> [Recorded information]
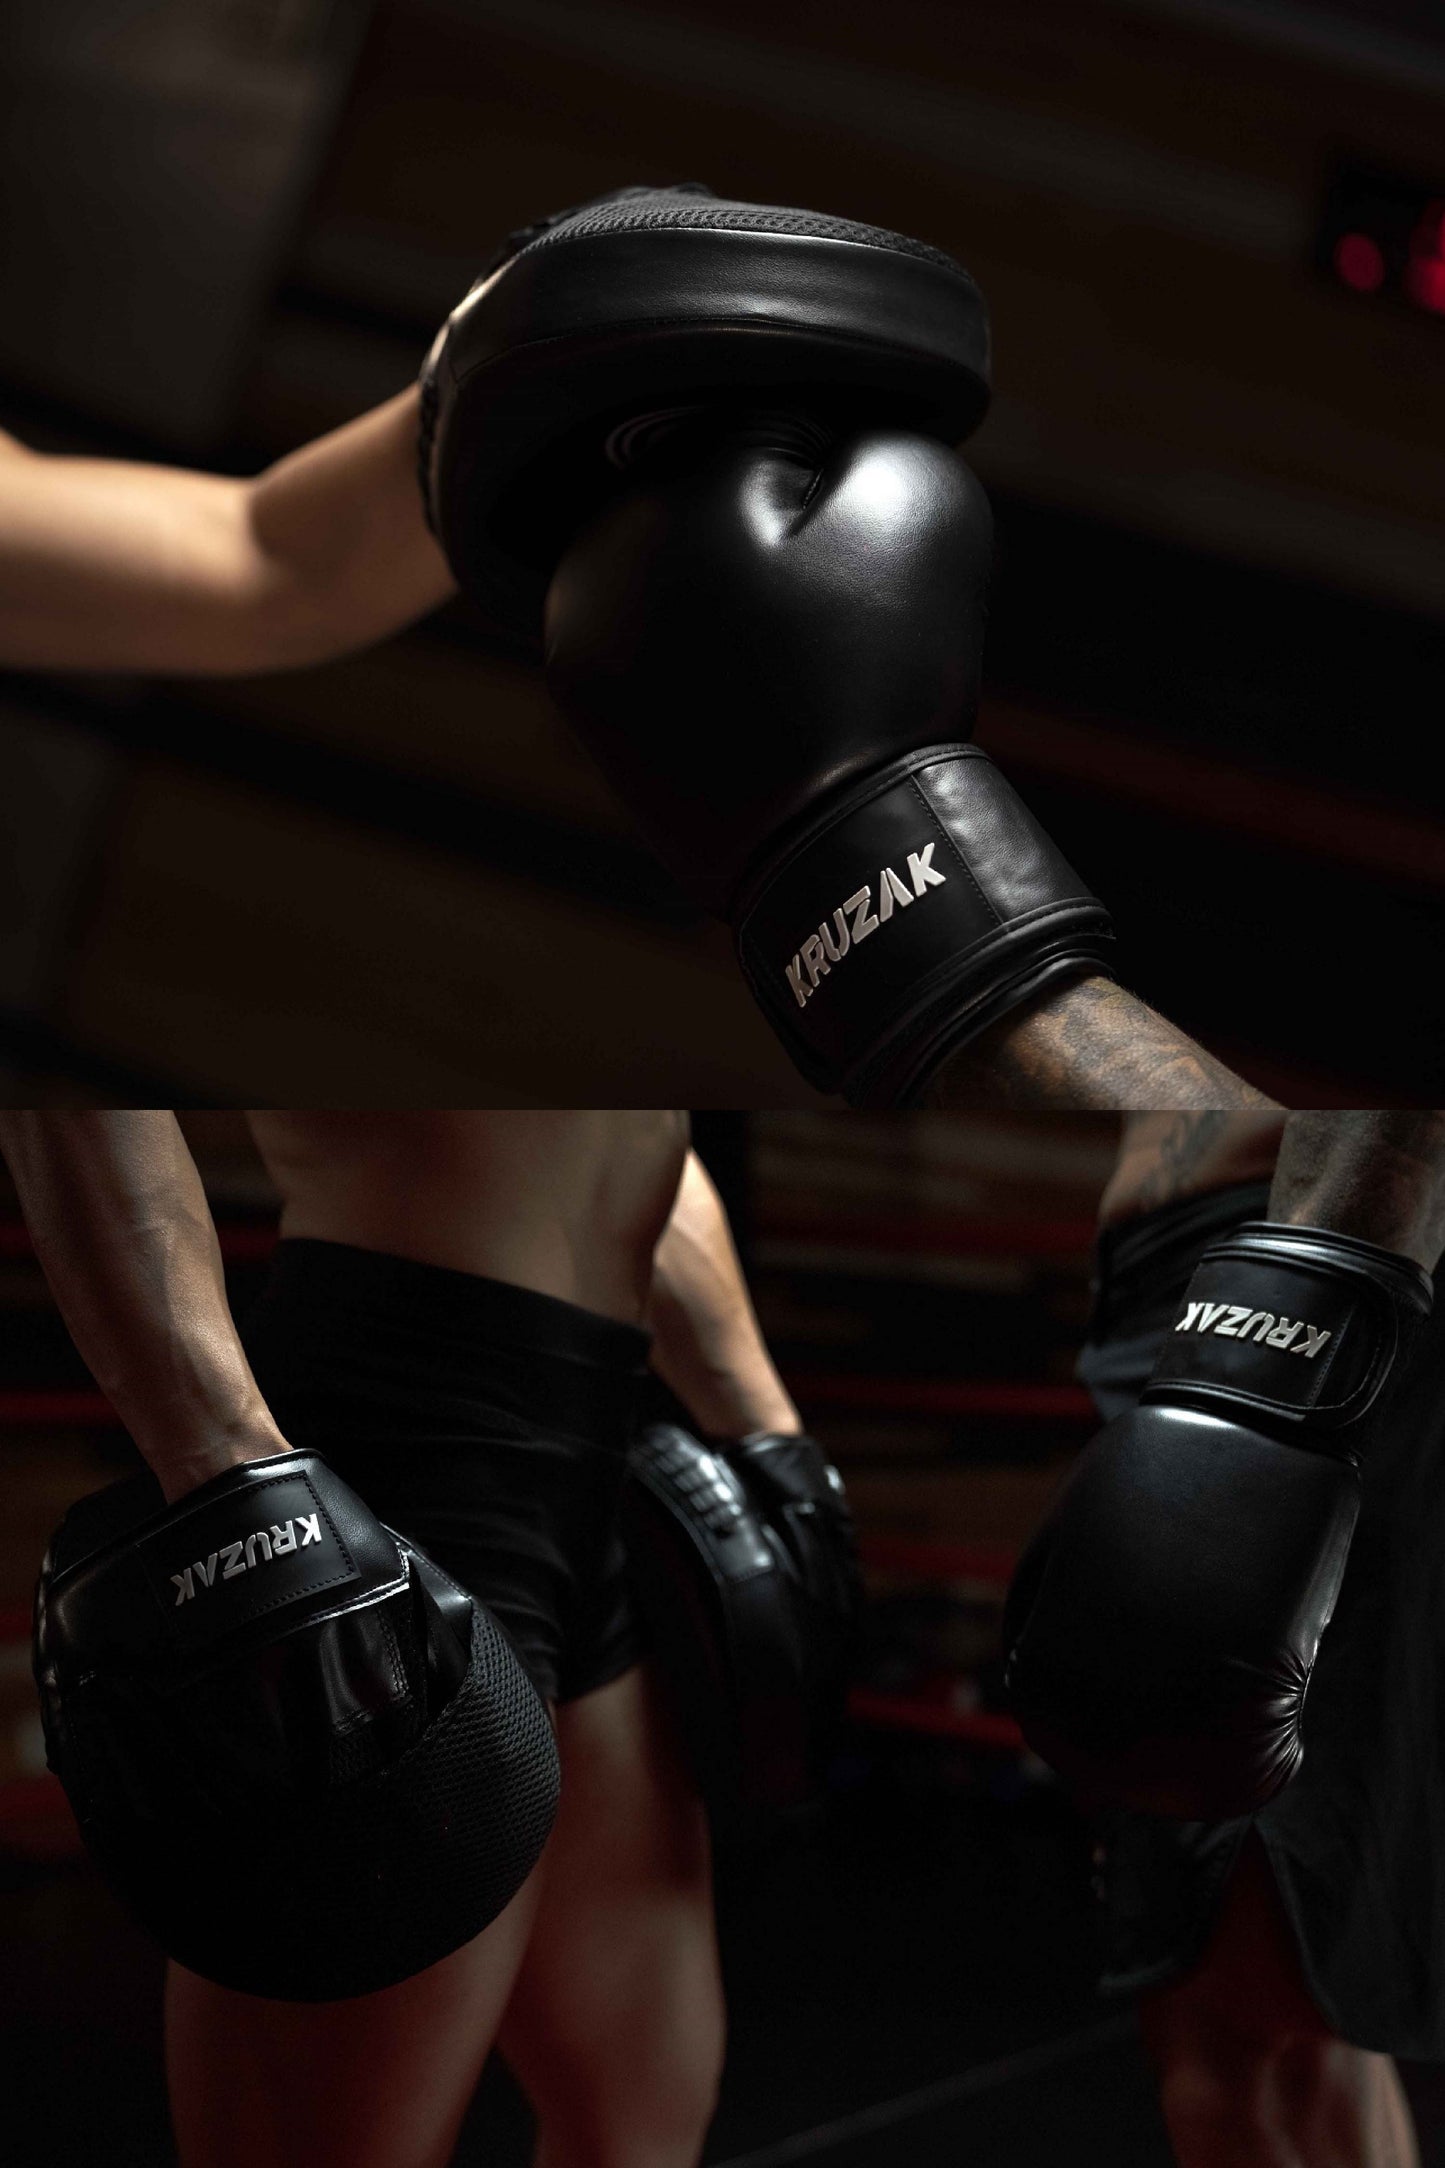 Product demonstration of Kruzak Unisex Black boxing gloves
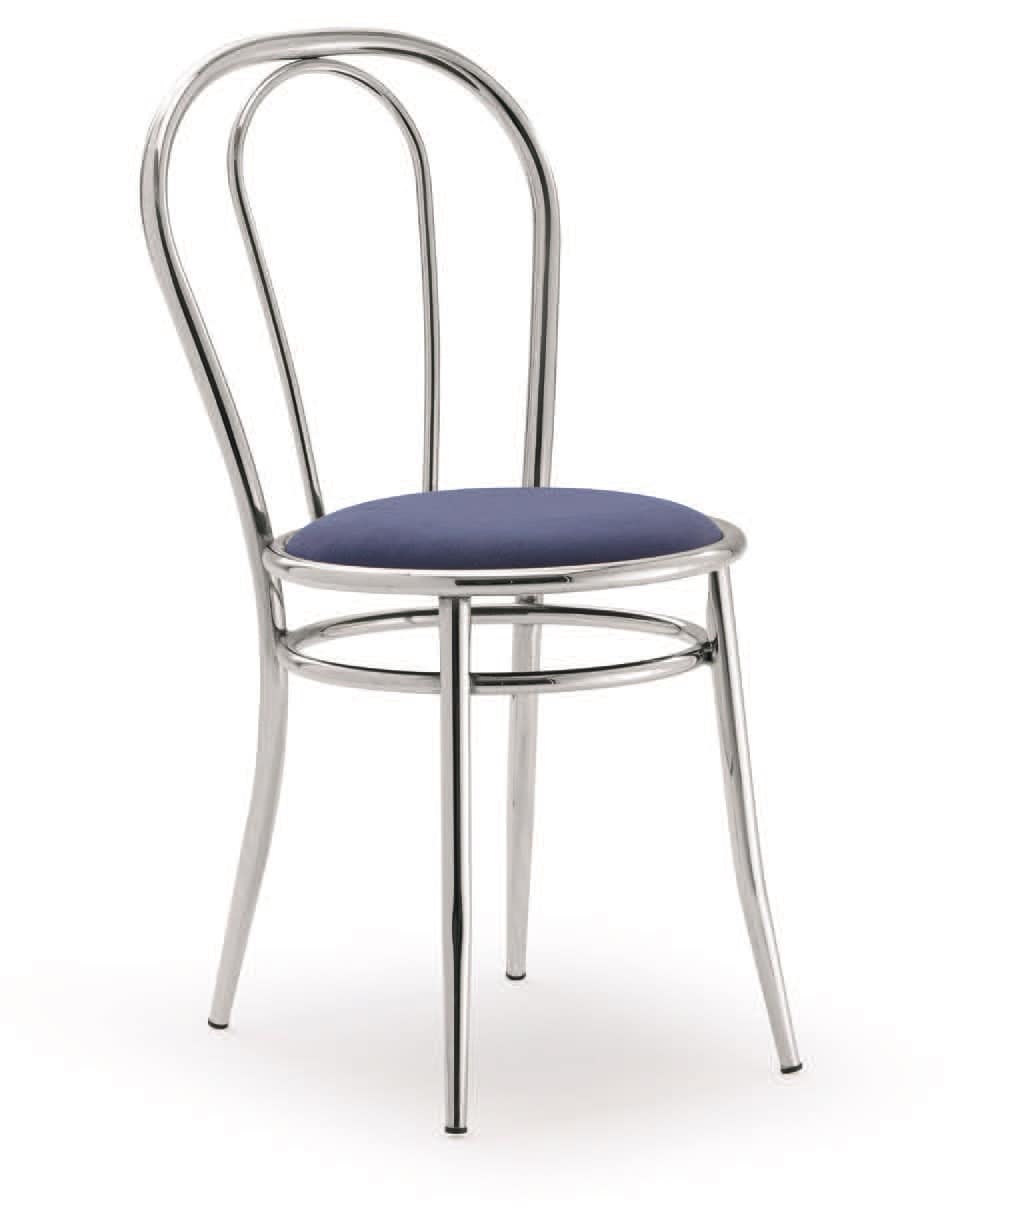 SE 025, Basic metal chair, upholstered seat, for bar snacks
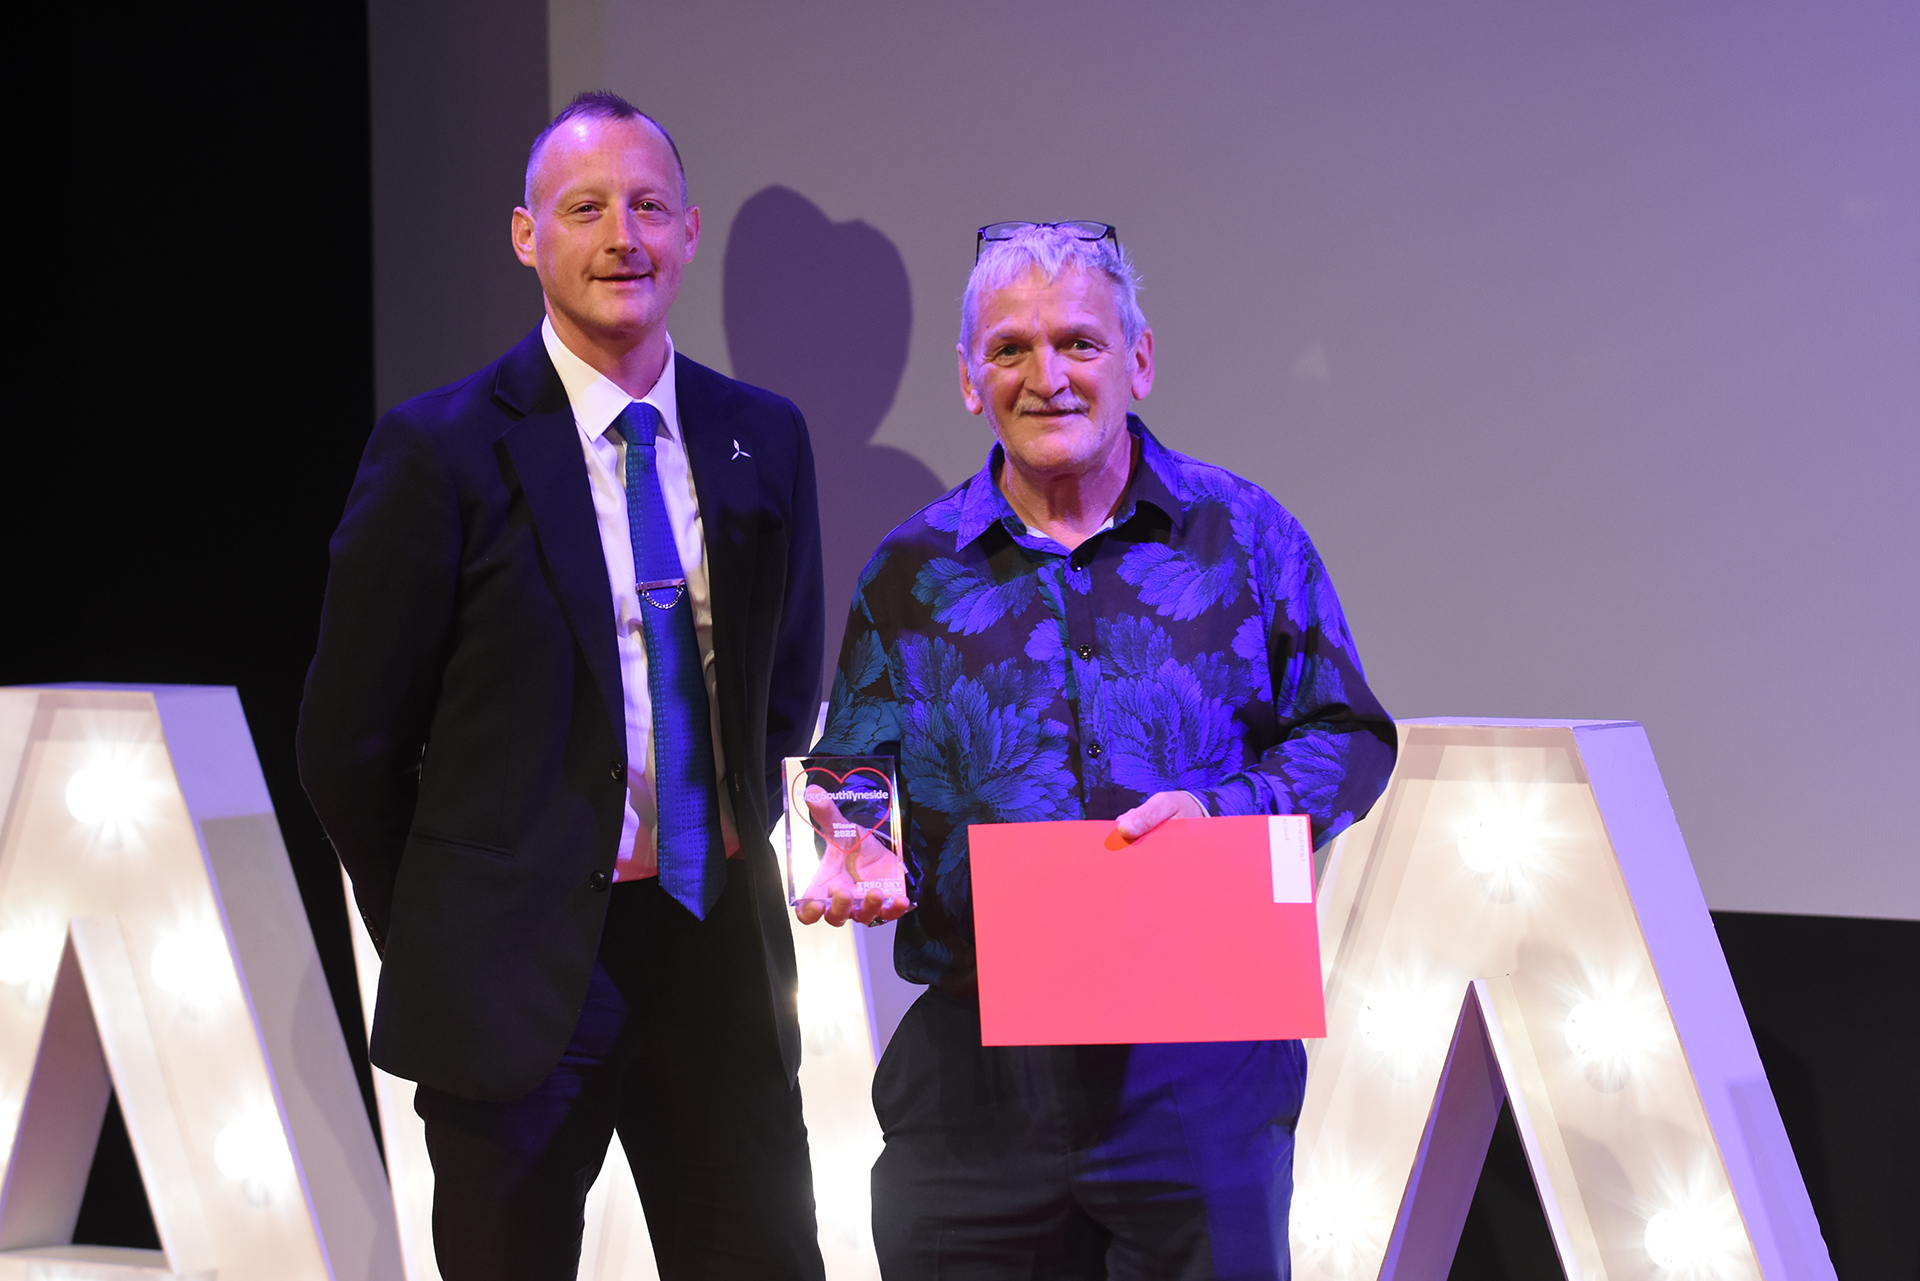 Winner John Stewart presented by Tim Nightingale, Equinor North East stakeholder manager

> [Work request] Reproduce, unchanged, each line between the one with "SE 025, Basic" and the last line of the material, both included; the pictures do not go in.

> [Solution for this problem]
 SE 025, Basic metal chair, upholstered seat, for bar snacks
 Winner John Stewart presented by Tim Nightingale, Equinor North East stakeholder manager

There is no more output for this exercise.